For the next two decades, she taught creative writing and Jewish studies at McGill, Concordia University and John Abbot College. She enjoyed her teaching positions, but left academia to devote herself to writing. “It was a risky move, but I’m glad I made that decision.”

In the meantime, she met a man, a translator who became the father of her only child, Larissa. They divorced when Larissa was a toddler, but shared custody of her and remained on cordial terms. “Until Larissa, finished high school, he lived a few minutes’ walk from us, and Larissa strolled over whenever she felt like it.”

She and Larissa moved to Guelph because big-city living was no longer appealing. “It exhausted me,” she said. “Guelph was a town I wanted to live in, and Guelph had a university Larissa wanted to study at.

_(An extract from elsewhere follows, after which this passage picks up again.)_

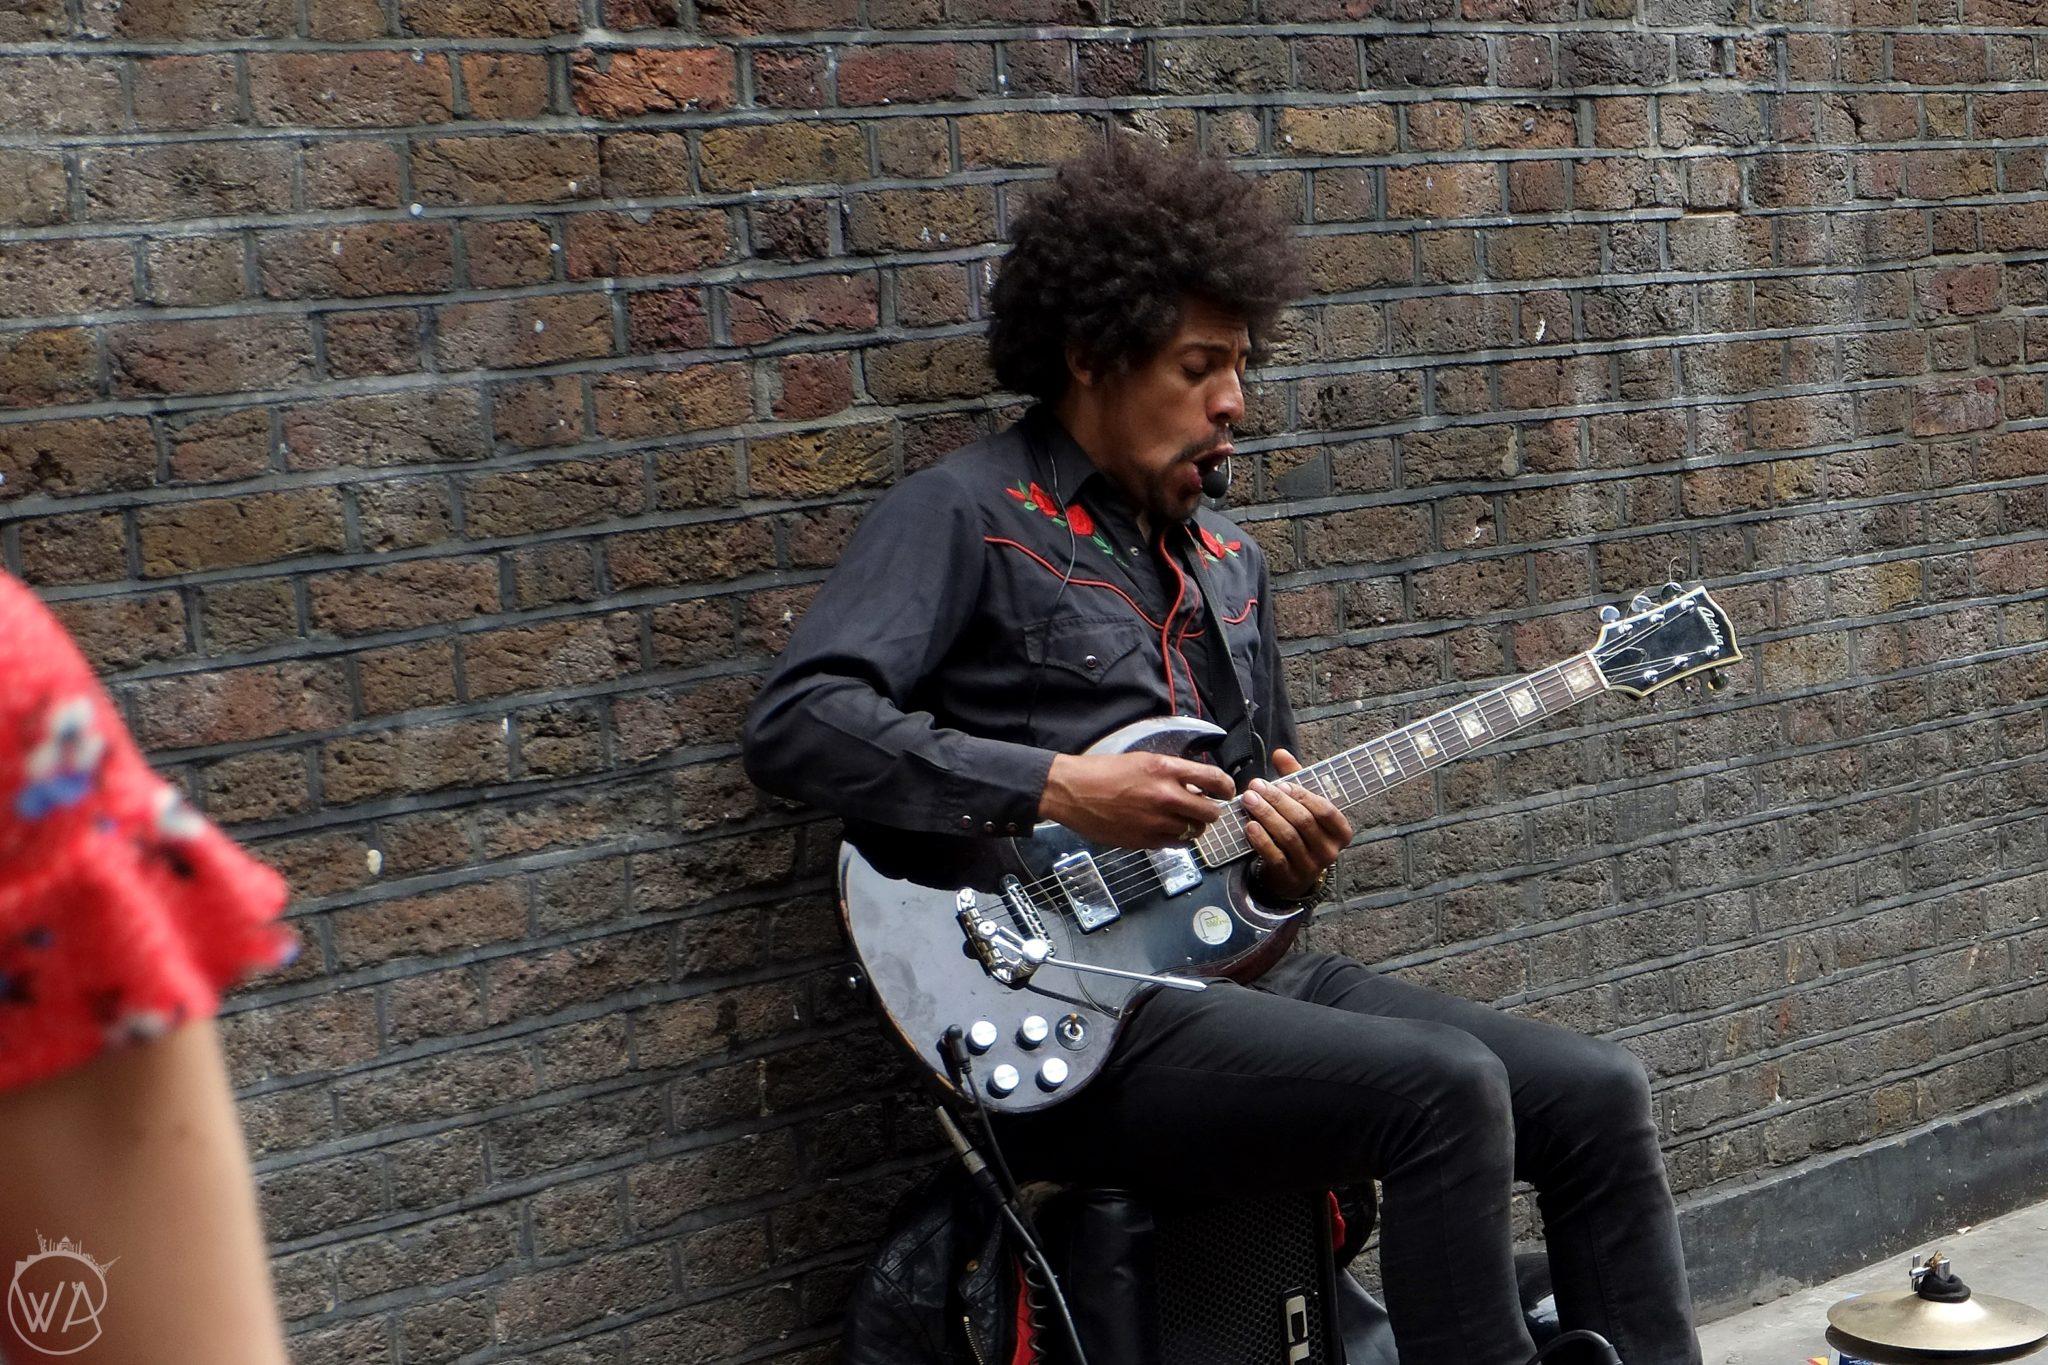 Music artists Brick lane
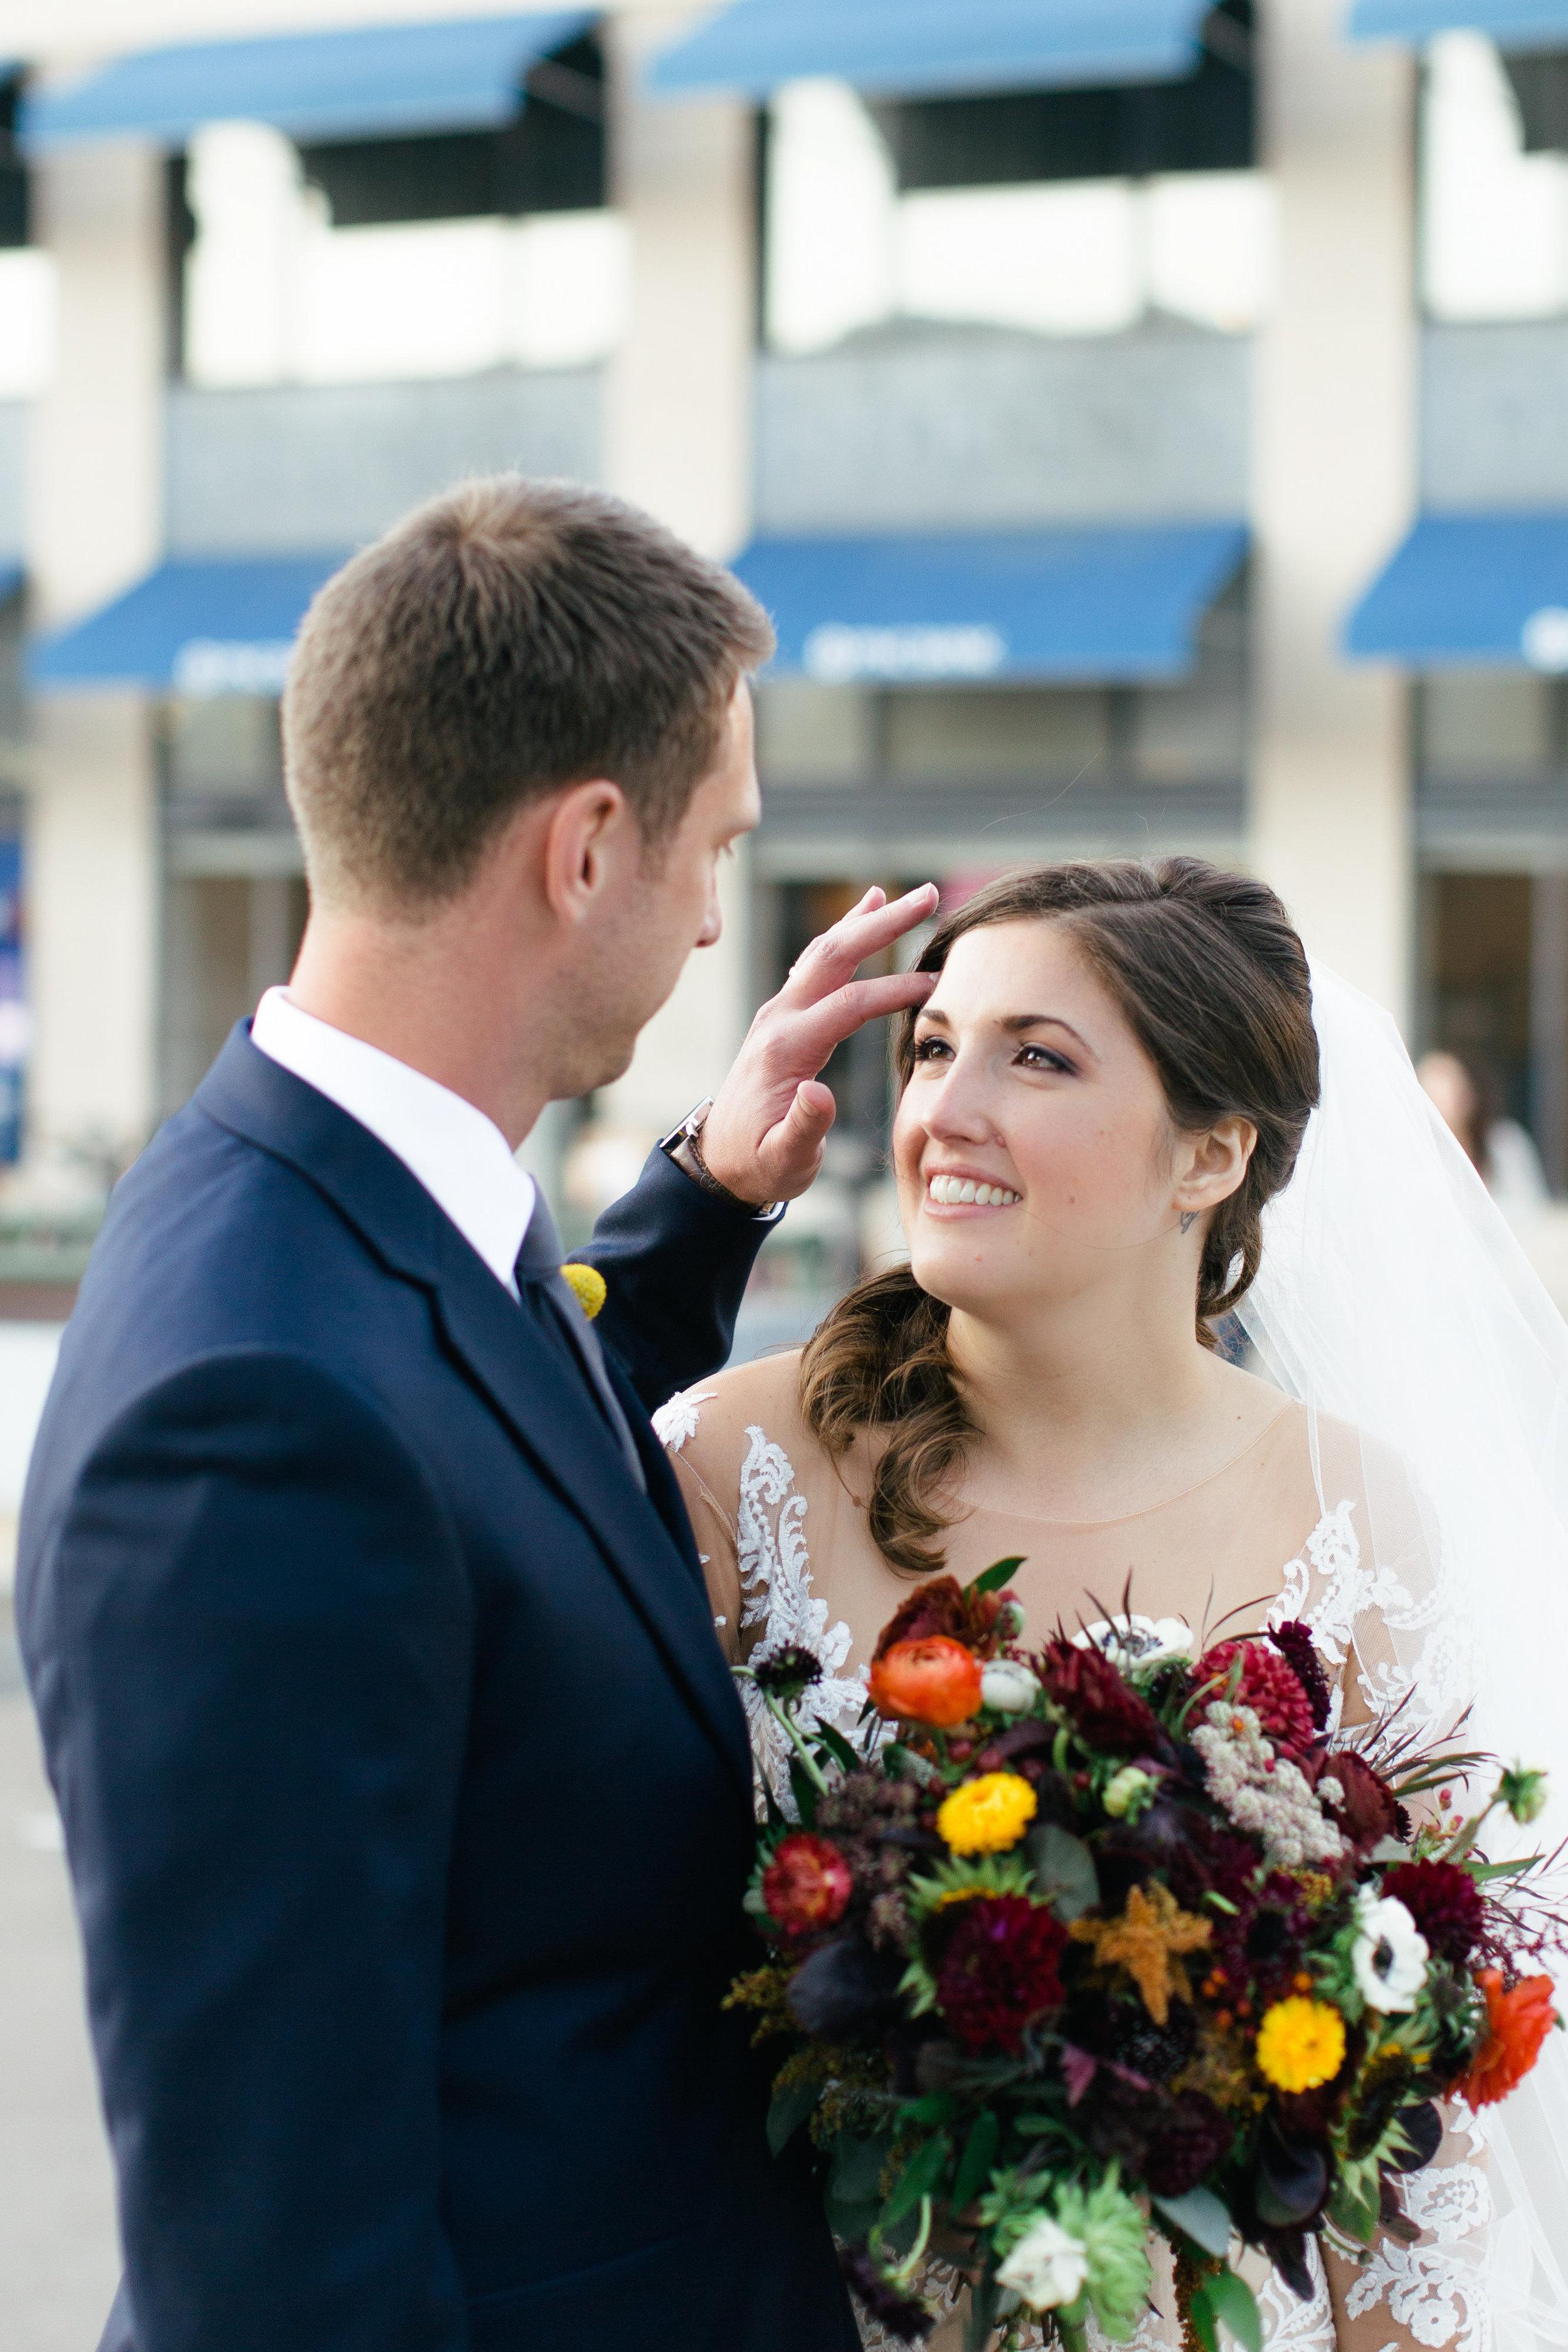 Dupon Circle Wedding | Washington DC Wedding Photography | Rebecca Wilcher Photography -18.jpg

We relocated as a family of two.”

Ravel would be pleased if she could find a position as an instructor in creative writing, but there are currently few openings. “As a result, I’m constantly struggling,” she said, adding she would not be able to survive without her former partner’s assistance.

Although Israel is very far from Guelph, Ravel is peripherally involved in Israel’s peace movement. “I always say hope is a political obligation. We have no choice, though it’s not easy to maintain hope.”

Clearly not a supporter of the current Israeli government, Ravel said, “We are waiting for a visionary leader who demonstrates integrity and courage.  Idealistic people are often not the ones who are drawn to politics. This, of course, is a problem everywhere.”